В углу зала рыдал Генри, рыдал так же безутешно, как я в комнате Ананды.
Я хотел встать и подойти к нему, но увидел, что сам Ананда стоит возле
него и ласково гладит его по голове.
На этот раз ни Анна, ни Ананда не пели. Ананда сказал, что после такой
музыки можно только низко поклониться таланту, давшему нам высокие моменты
счастья, и разойтись.
Я всё смотрел на Анну. Что снова сталось с нею? Неужели её слёзы сожгли
скорбь сердца? Она снова стала носить на лице семнадцатую весну, снова лучи
доброты и какого-то обновления струились из глаз. Она подошла к отцу, нежно
обняла его и шепнула:
- Больше не волнуйся. Всё будет хорошо. Всё уже хорошо; а то, что ещё
будет, - это только неизбежное следствие, а не наказание Браццано.
Он, казалось, понял её совершенно для меня непостижимые слова,
просиял, поцеловал её и перевёл взгляд на подходившего к нам Ананду.
- Довольно вам страдать, Борис Федорович, - ласково, но, как мне
показалось, с некоторым упрёком сказал он. - Я вам всё время говорил, что
вас губит страх. И если бы вы верили мне на самом деле так, как говорите, вы
не были бы больны; и Анна так бы не страдала. Возьмите себя в руки. Ведь вы
сейчас совершенно здоровы, у вас нигде ничего не болит. Если бы мой дядя был
здесь, подле вас? Как бы вы взглянули в его светлое лицо?
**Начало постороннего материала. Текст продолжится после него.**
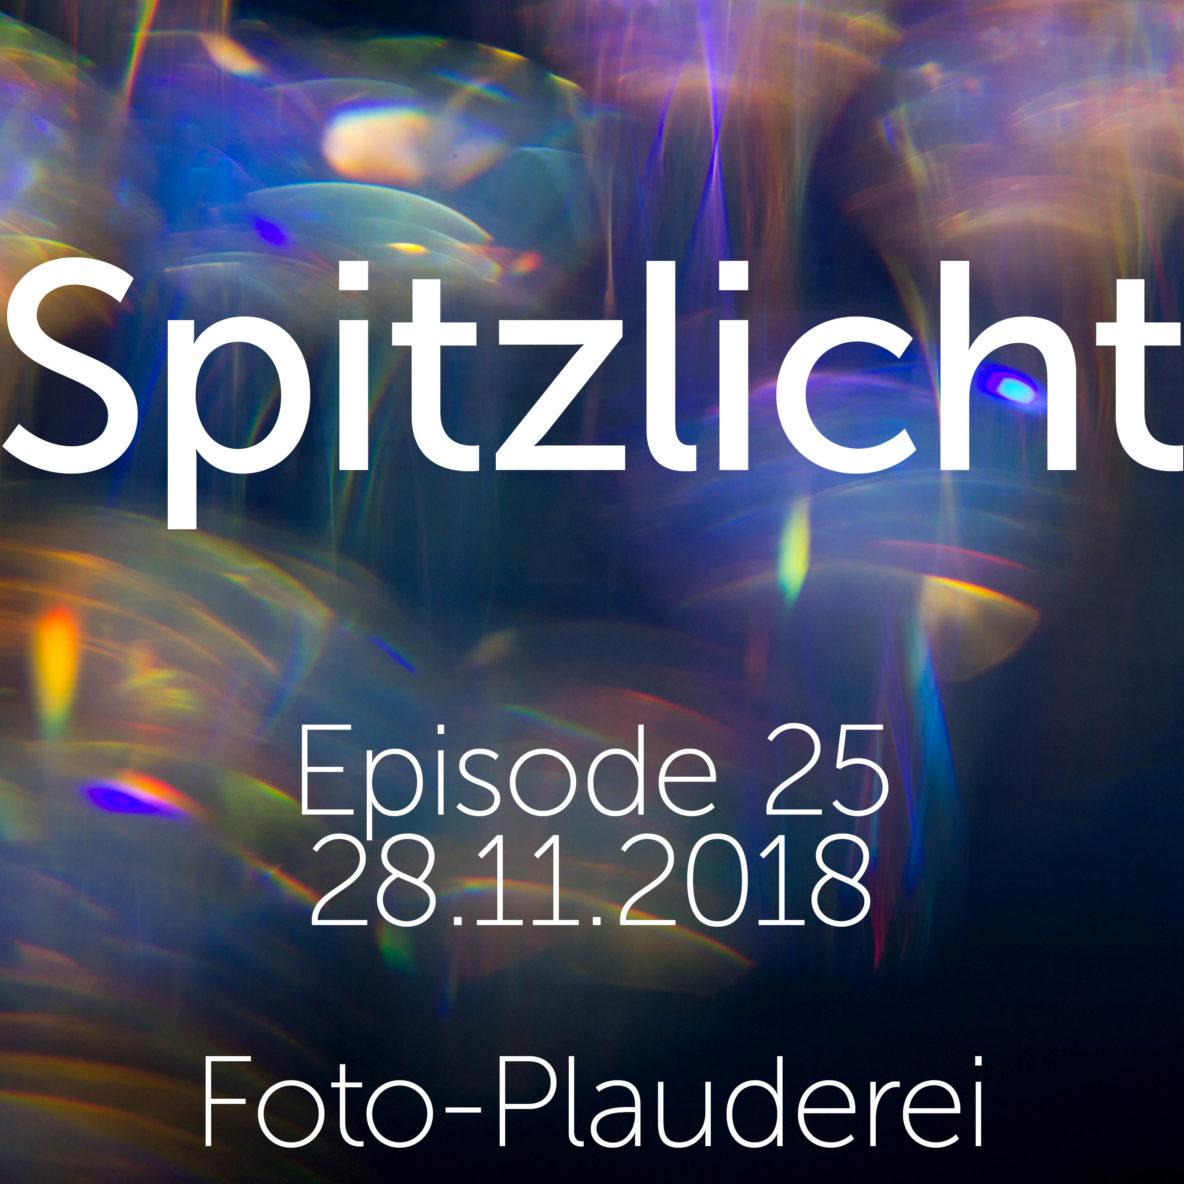 Spitzlicht Episode 25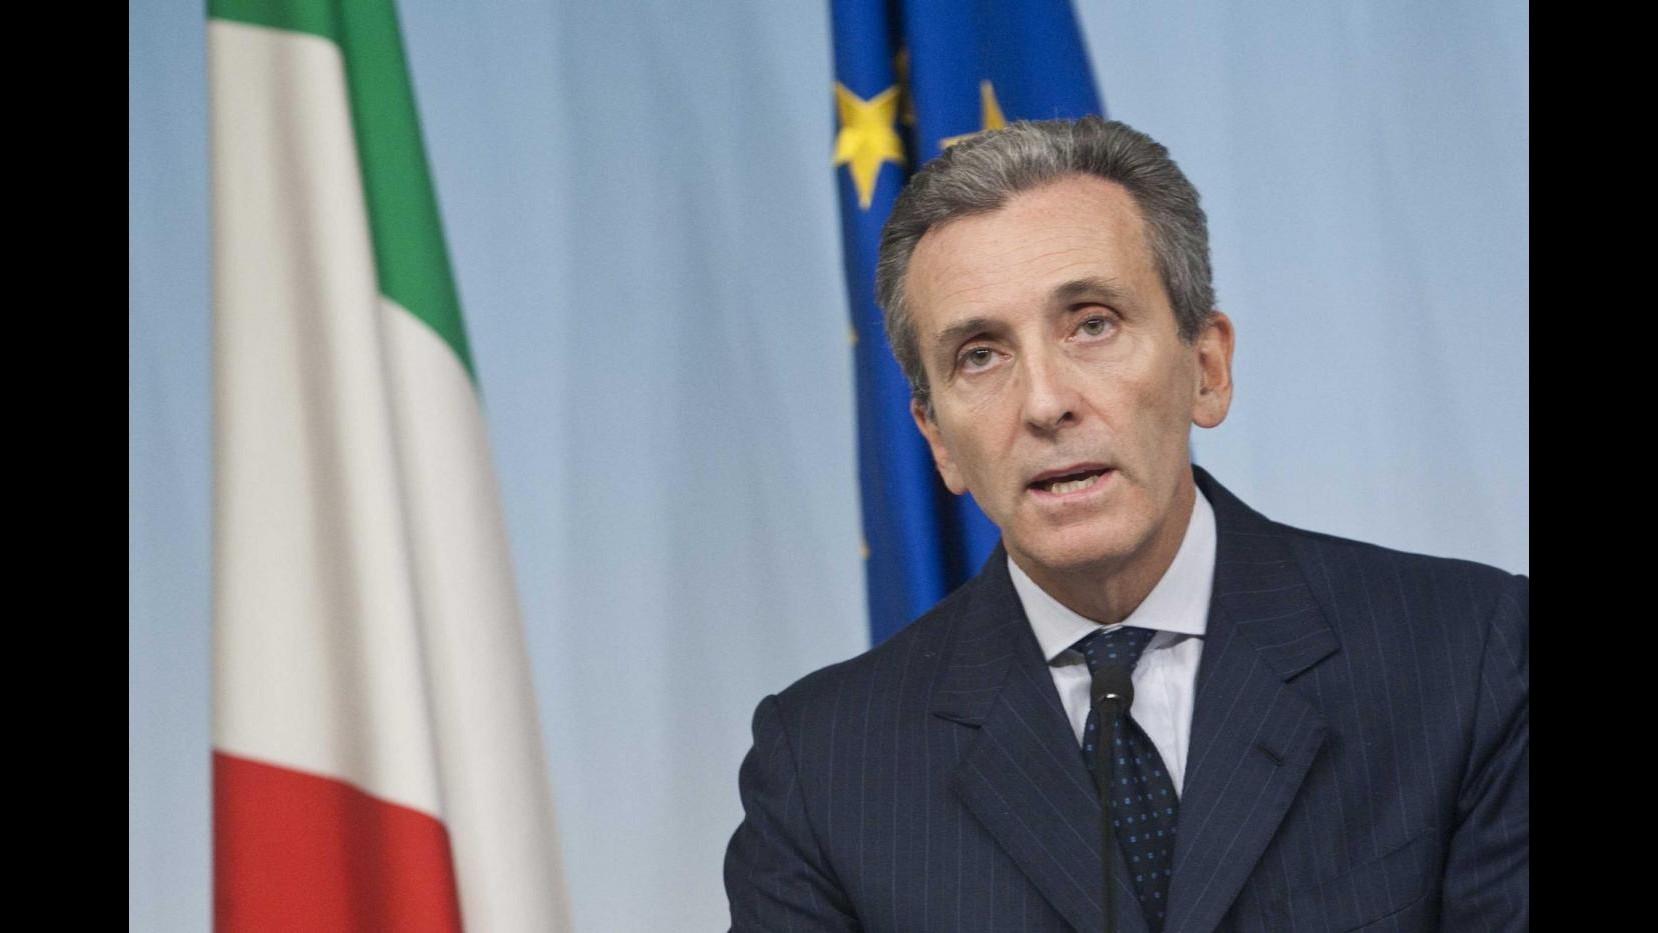 Legge stabilità, Grilli: No controriforme, 900 mln per ritoccarlo

Разве вы не
обещали, что не допустите в сердце страх?
- Я очень виноват, очень виноват, - сказал, вздыхая, Строганов. - Но
когда дело идёт о моём единственном сокровище, об Анне, которой уже десять
дней грозит ужасная опасность, - поймите меня, Ананда, мой великий,
великодушный друг и защитник! Это единственное моё уязвимое место, где я не
в силах победить страх.
- Так вот и проходит жизнь людей, в постоянных заблуждениях. Оглянитесь
назад, на прожитые вами десять дней. Что случилось с нею? Она жива, здорова
и... счастлива сейчас. Разве не вы своими страхами и скорбью измучили её? И
если уж вы хотите знать... - Ананда замолчал на миг, как бы к чему-то
прислушиваясь... - то опасность грозила Анне - или, вернее, вам, так как вы
могли потерять её, - здесь, сейчас, когда она играла, а вы и не подозревали
об этом. Как и не подозреваете того, что вы сами, своим же страхом поставили
её у предела...
Ананда замолчал, нежно взял обе руки Анны в свои, поднёс их к губам,
улыбнулся, обнял её своей левой рукой и поцеловал в лоб.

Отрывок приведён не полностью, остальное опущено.